The welding seams N2+N3 are produced by what is known as interval welding. The second welding seam N2 bonds the components 5a and 5b to one another, and the third welding seam N3 bonds the components 5c and 5d to one another in a material cohesive fashion. In interval welding, a continuous welding seam is generally not produced, but rather an intermittent, i.e., interrupted welding seam N is produced. During interval welding, the welding seam N therefore often consists of successive welding spots Pi from the additive material Z, which welding spots are separated from one another in the direction of the seam course of the seam by a region B without additive material. However, it would also be possible in principle to produce a continuous welding seam N during interval welding. At this point it should be again pointed out that a welding seam N within the scope of the invention is not necessarily to be understood to mean a continuous welding seam N, but that intermittent welding seams are also to be understood as welding seams N within the meaning of the invention.

In the first welding seam N1, a welding seam length NLi of sections of the welding seam N1 serves as a detectable external physical welding seam property with which the information in the welding seam N1 is stored.
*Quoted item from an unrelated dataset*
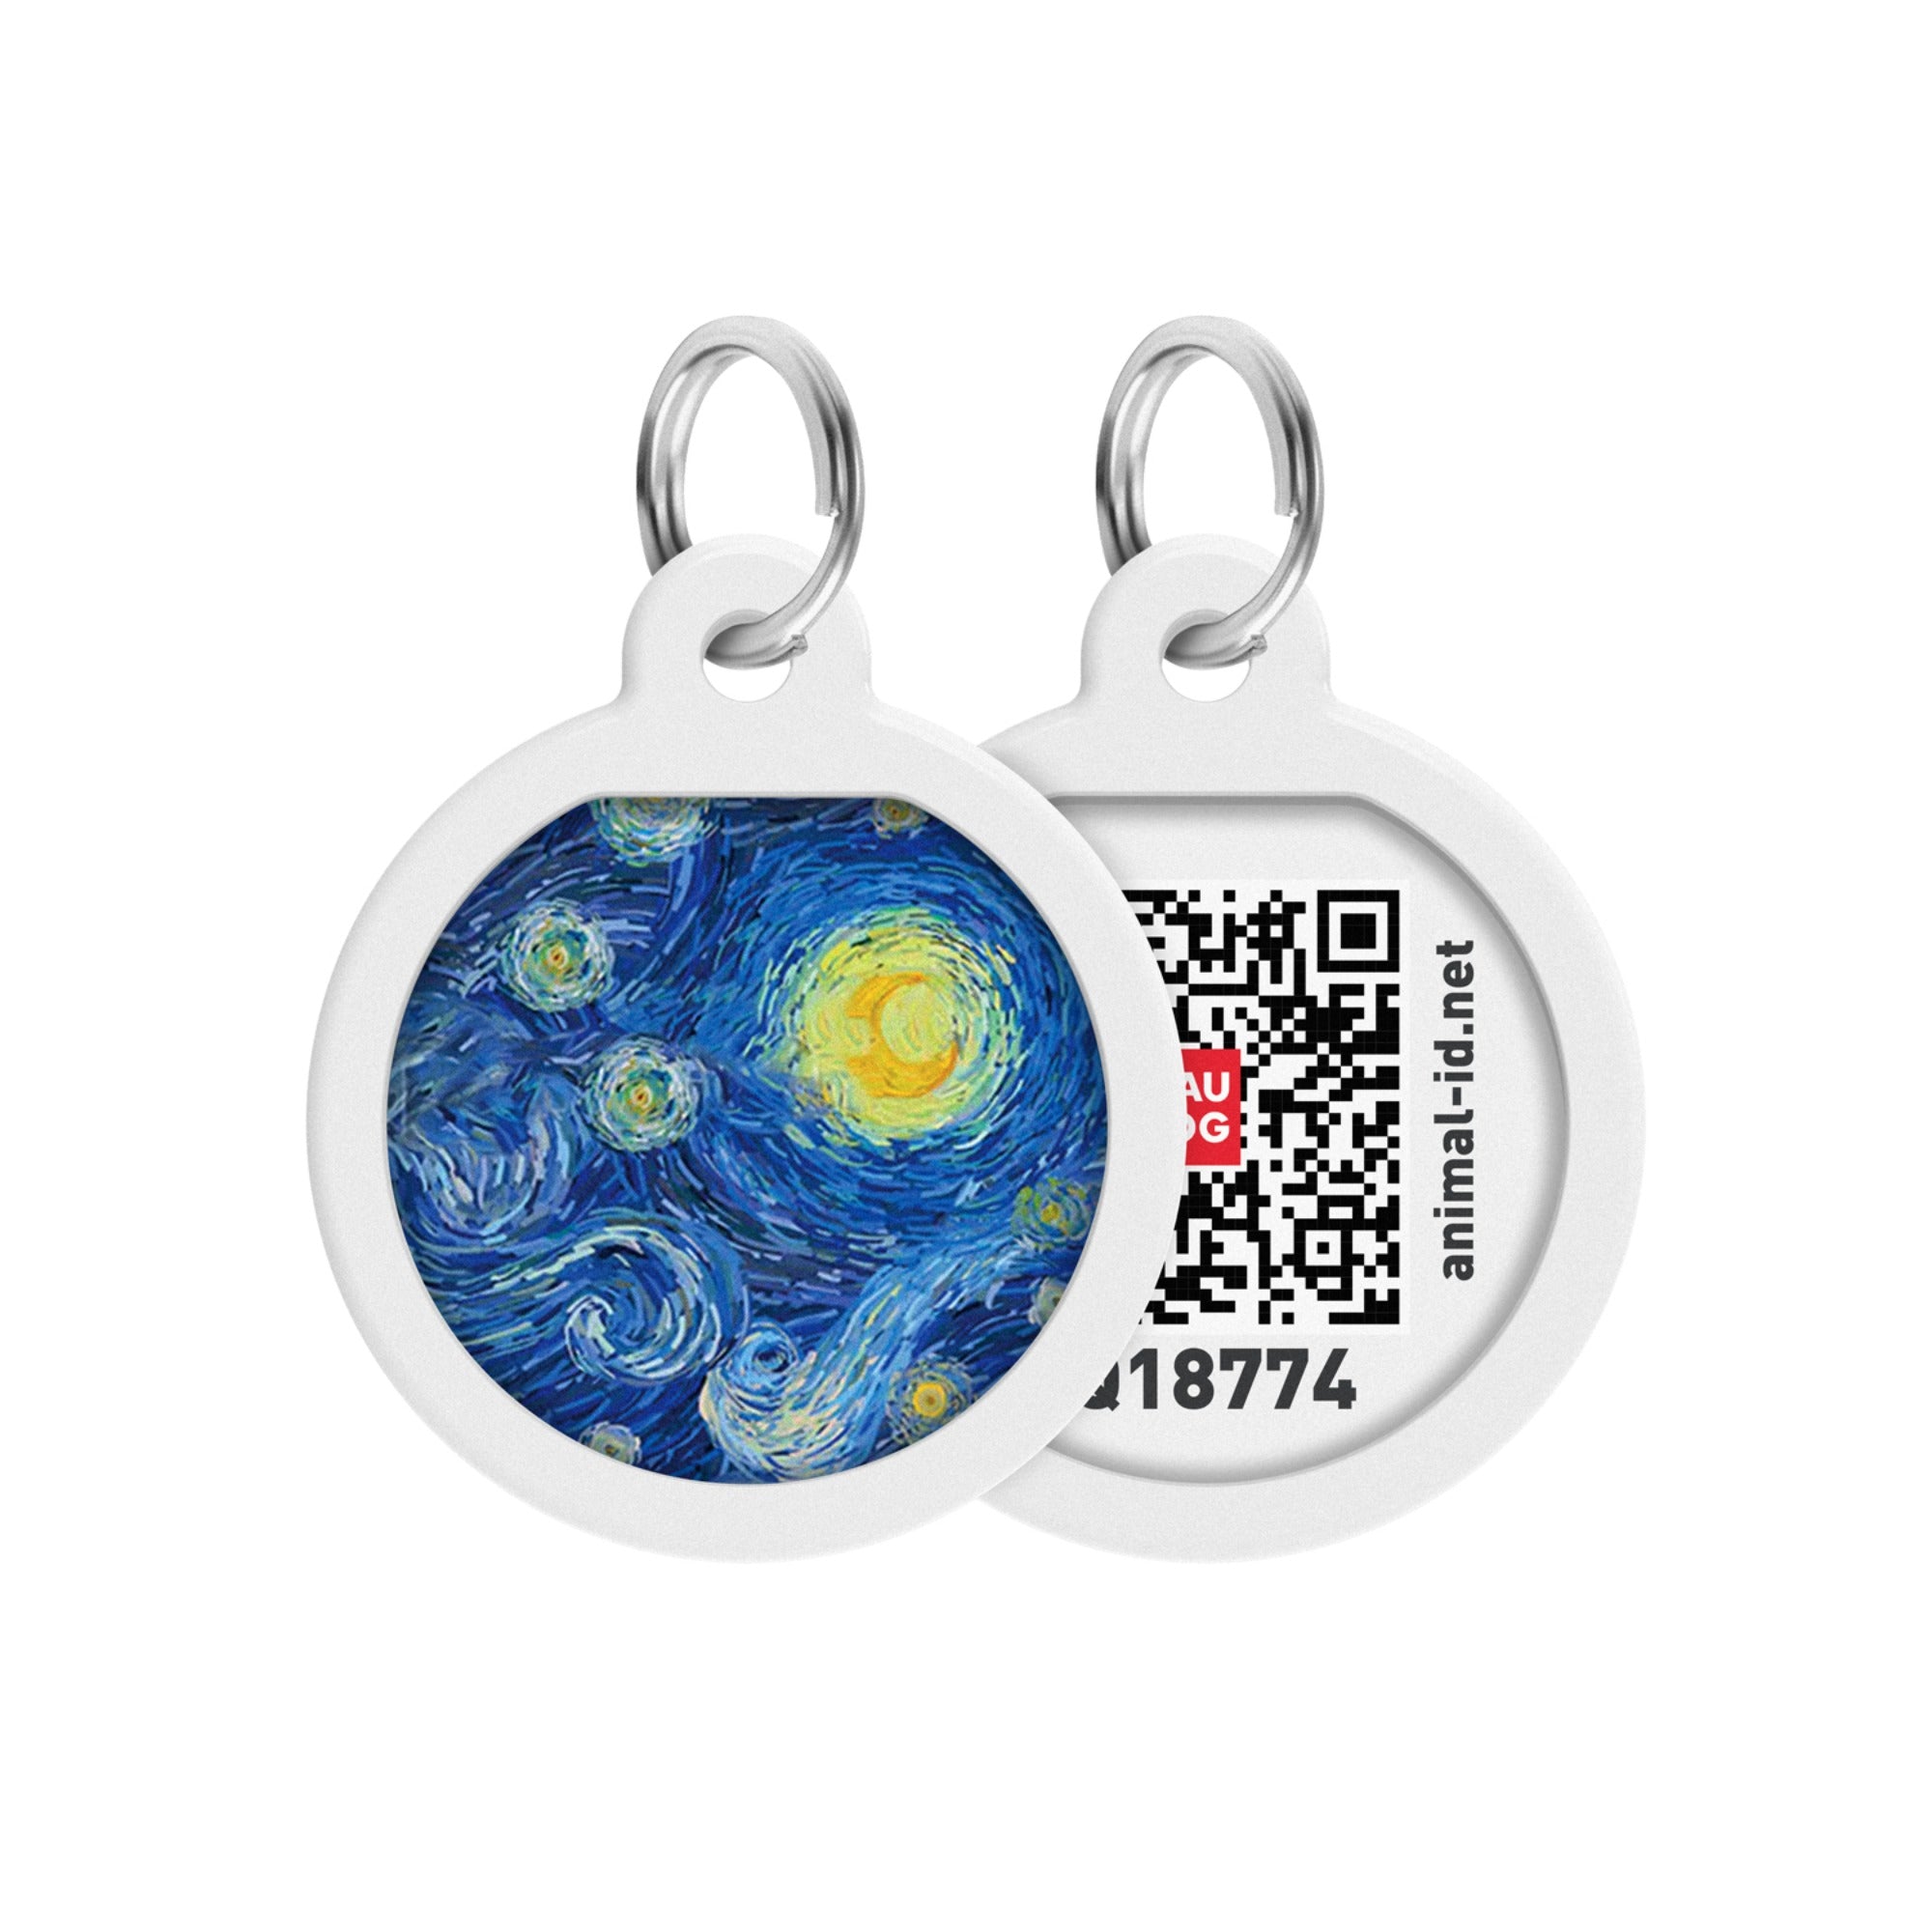 Smart ID Tag - Water Lilies design

The welding seam length NLi is generally understood to mean a length of distinguishable sections of a welding seam N in the direction of the seam course of the seam. In this specific case, the welding seam N1 shown has successive welding scales Si that result from the process control of the welding process used. The shape of the welding scales Si and, in particular, the welding scale length NU of the welding scales Si can be influenced by one or more control parameters of the welding method, in particular by the welding speed at which the welding torch 6 is moved by the manipulation unit 3 relative to the components 5b, 5c, by the feed rate of the additive material Z and in particular also by welding parameters such as, for example, the welding current, the pulse frequency (in the case of a cyclically pulsating welding current), the number of welding cycles and/or the duration of the welding cycles, etc. However, it is already known in principle how the welding scale length NLi can be influenced, which is why this is not discussed in detail here.

The welding scale length NLi can consequently be used to store the desired information in a digital form in the first welding seam N1. Depending on which digital code is used, different welding scale lengths NLi can be assigned to the code letters of the code alphabet of the code. In the case of a binary code, for example, two different welding scale lengths NL1, NL2 can be used, which are introduced into the welding seam N1 in a specific sequence along the seam course of the seam in accordance with the information content, as is indicated in FIG. 2. A welding scale length NL1, NL2 can be interpreted, for example, as the “logical zero” code letter or code symbol of the binary code, and the respective other welding scale length NL1, NL2 can be interpreted as the “logical one” code letter or code symbol of the binary code. The information is stored between a defined information start point ISP1 and a defined information end point IEP1 in the welding seam N1. In the example shown, the information start point ISP1 corresponds to the seam start of the welding seam N1, and the information end point IEP1 corresponds to the seam end of the welding seam N1. Of course, this is only an example and the information start point ISP1 and the information end point IEP1 could also be located at a different location of the welding seam N1, for example in a specified central section of the welding seam N1. Of course, repeated introduction of the same (or other) information at different points of the welding seam N1 along the seam course of the seam would also be conceivable.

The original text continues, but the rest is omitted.